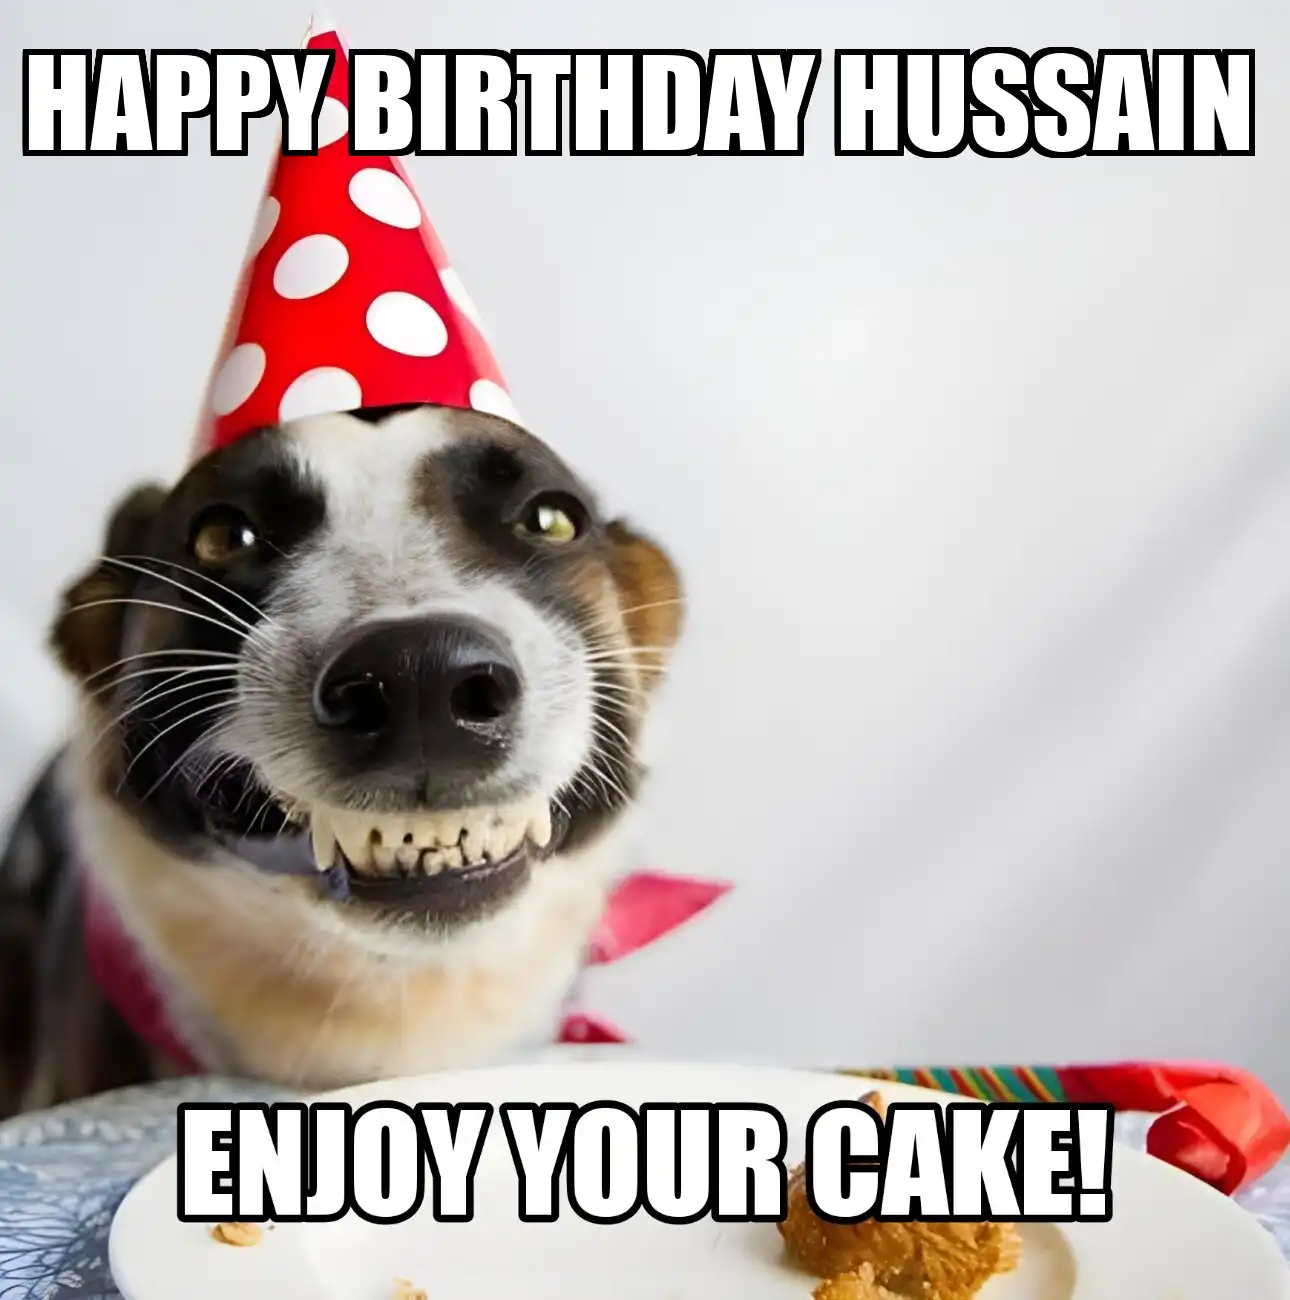 Happy Birthday Hussain Enjoy Your Cake Dog Meme
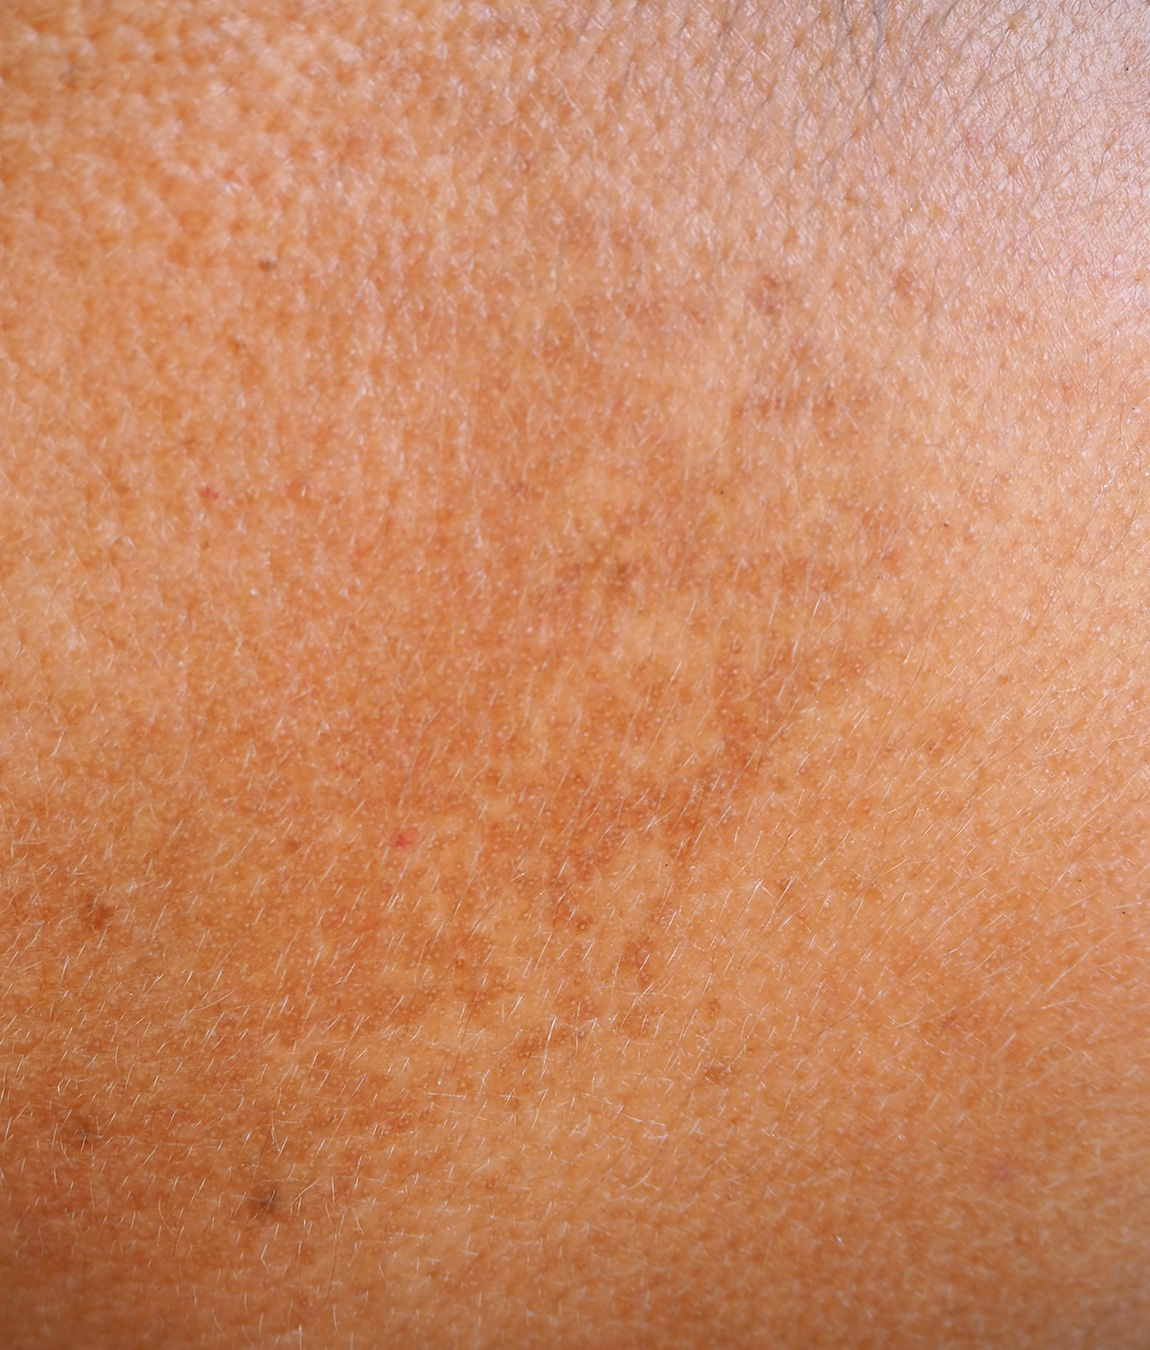 Close-up on hyperpigmentation
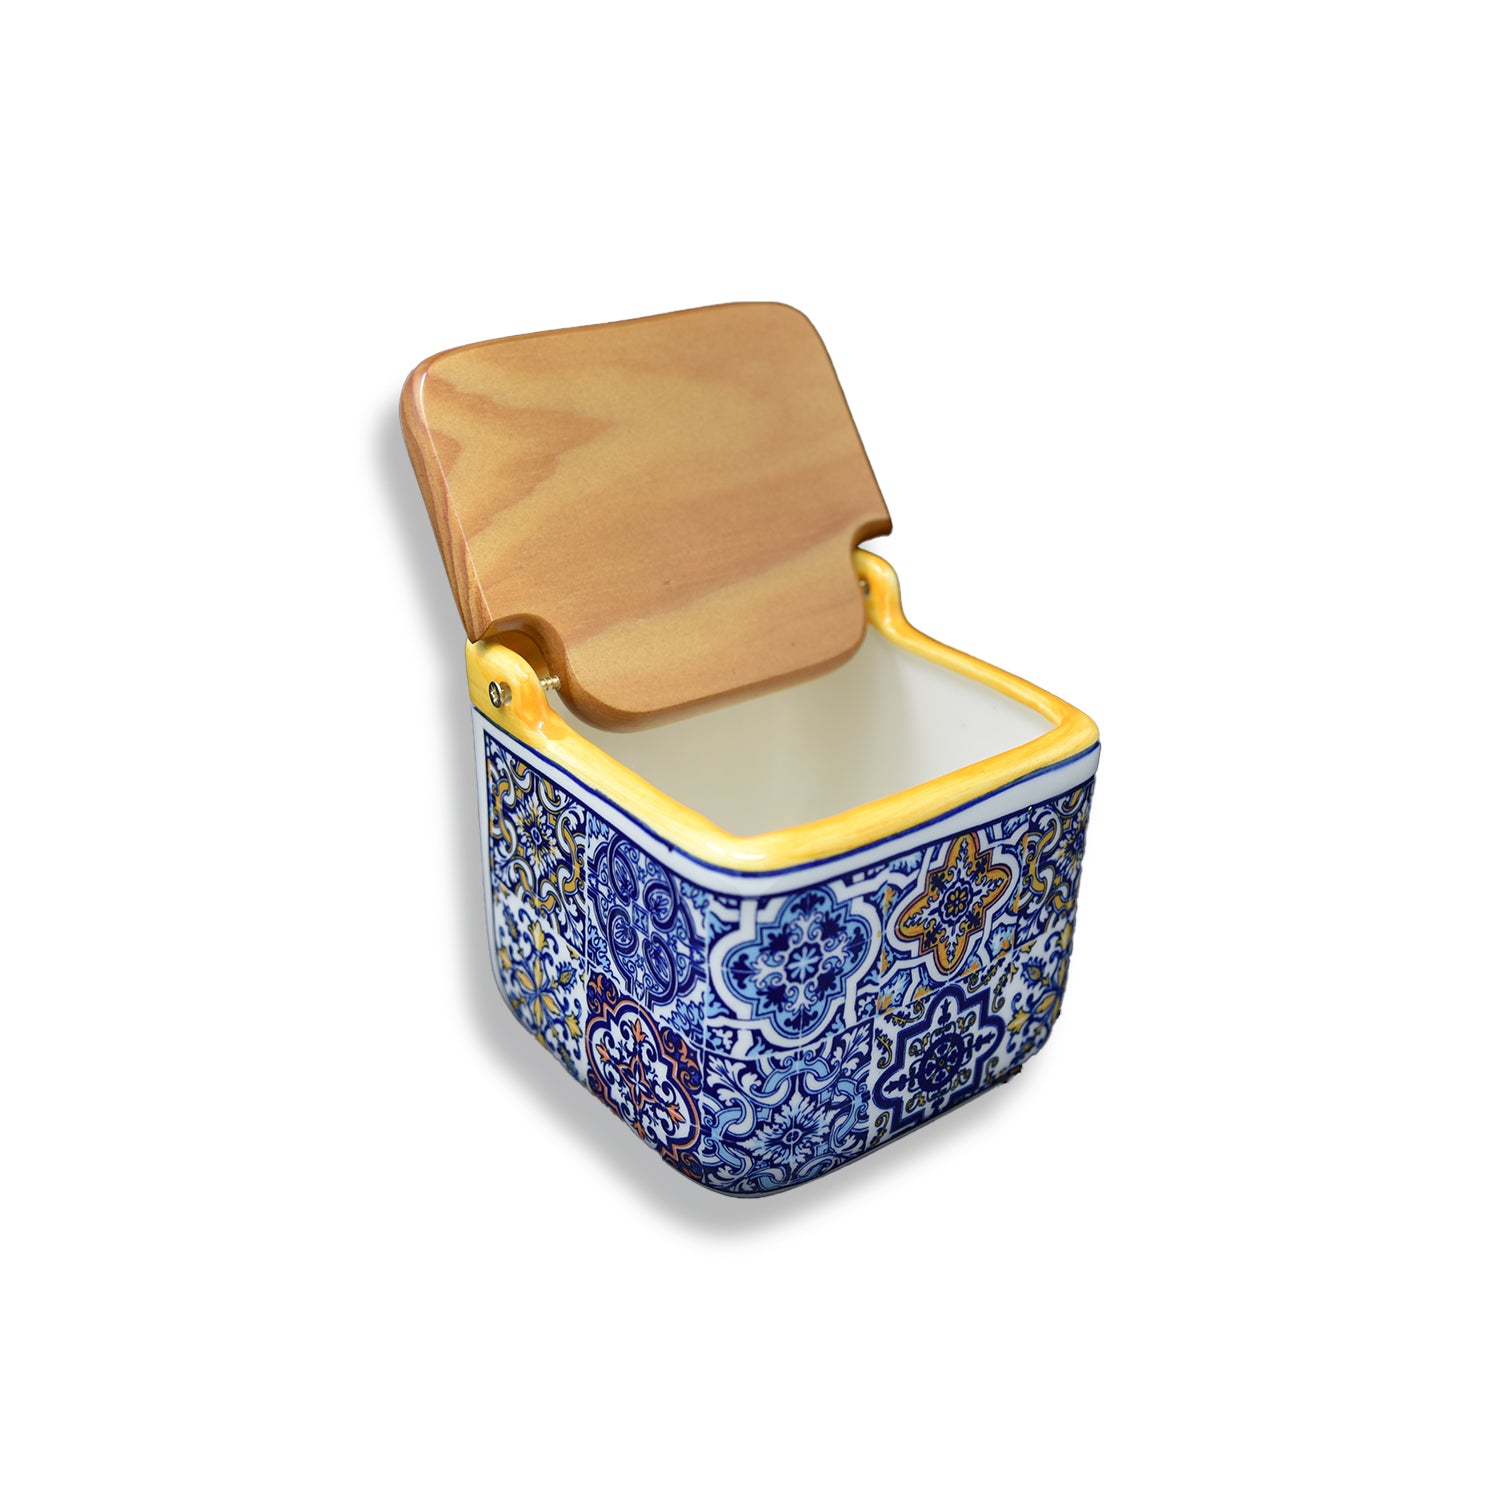 Azulejo Salt Box with Wood Lid 4.25in
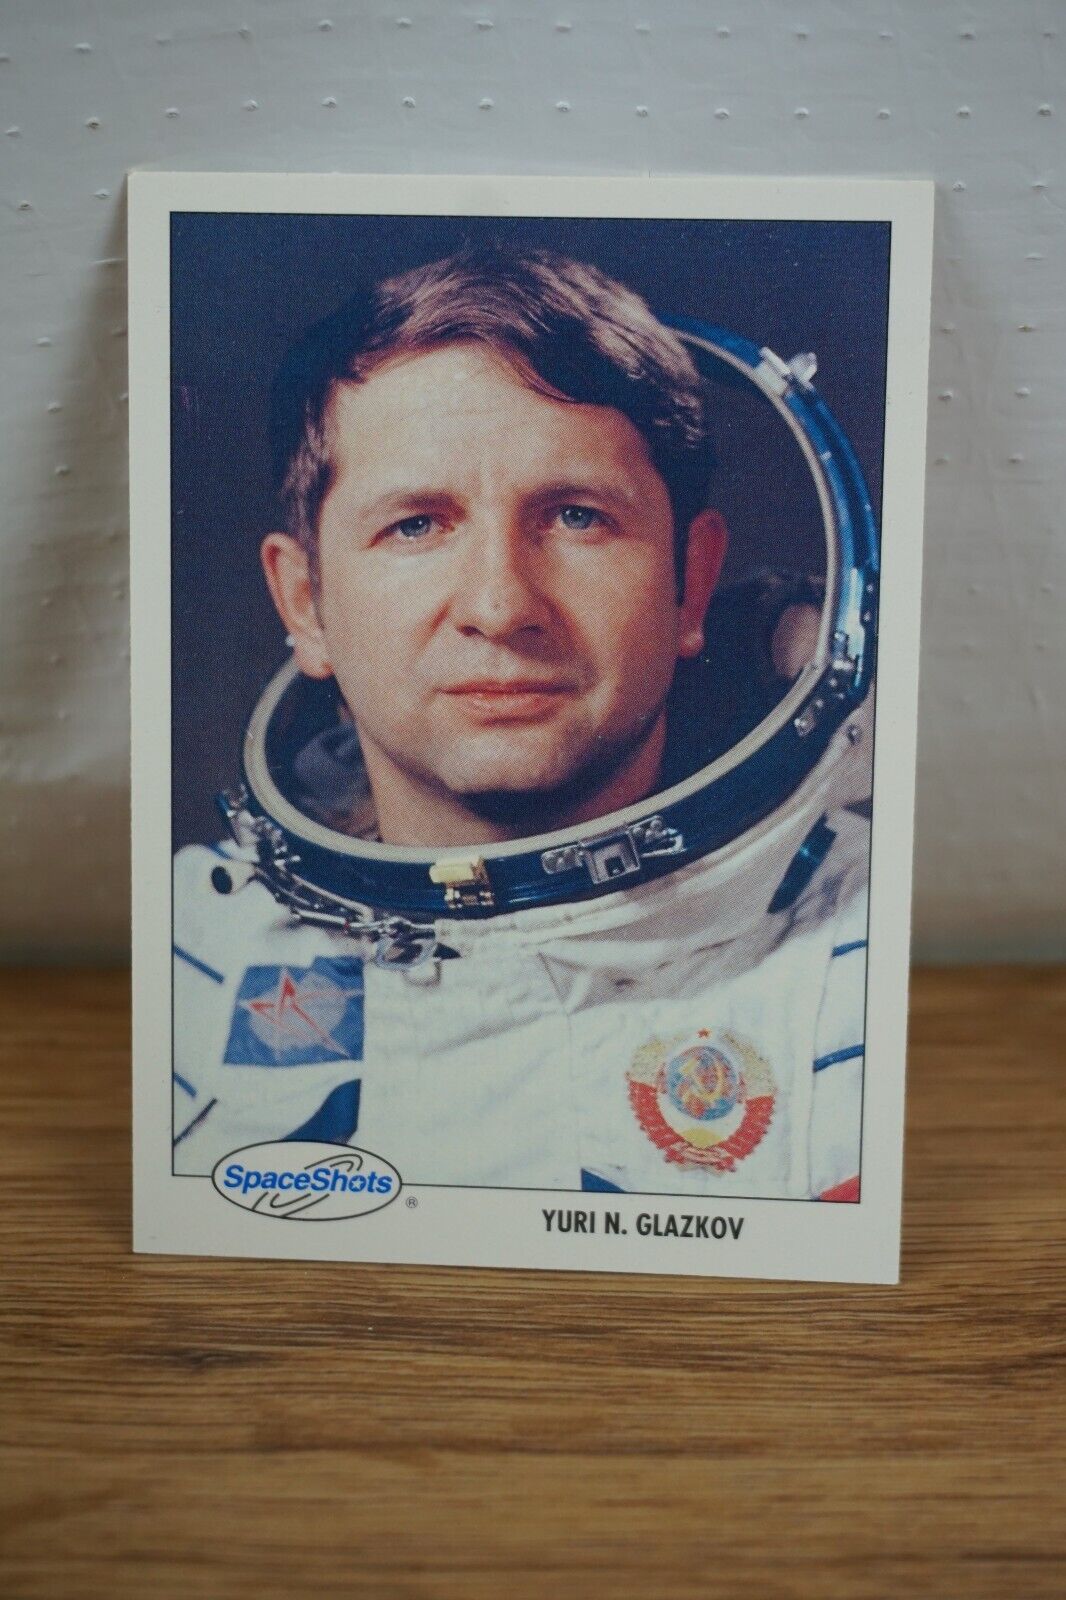 SPACESHOTS TRADING CARD 1992, YURI N. GLAZKOV

PROBLEM DETAILS →
Would you repeat the listing above exactly, minus the images?

ANSWER BOX →
 Happy Birthday Hussain Enjoy Your Cake Dog Meme
 Close-up on hyperpigmentation
 Azulejo Salt Box with Wood Lid 4.25in
 SPACESHOTS TRADING CARD 1992, YURI N. GLAZKOV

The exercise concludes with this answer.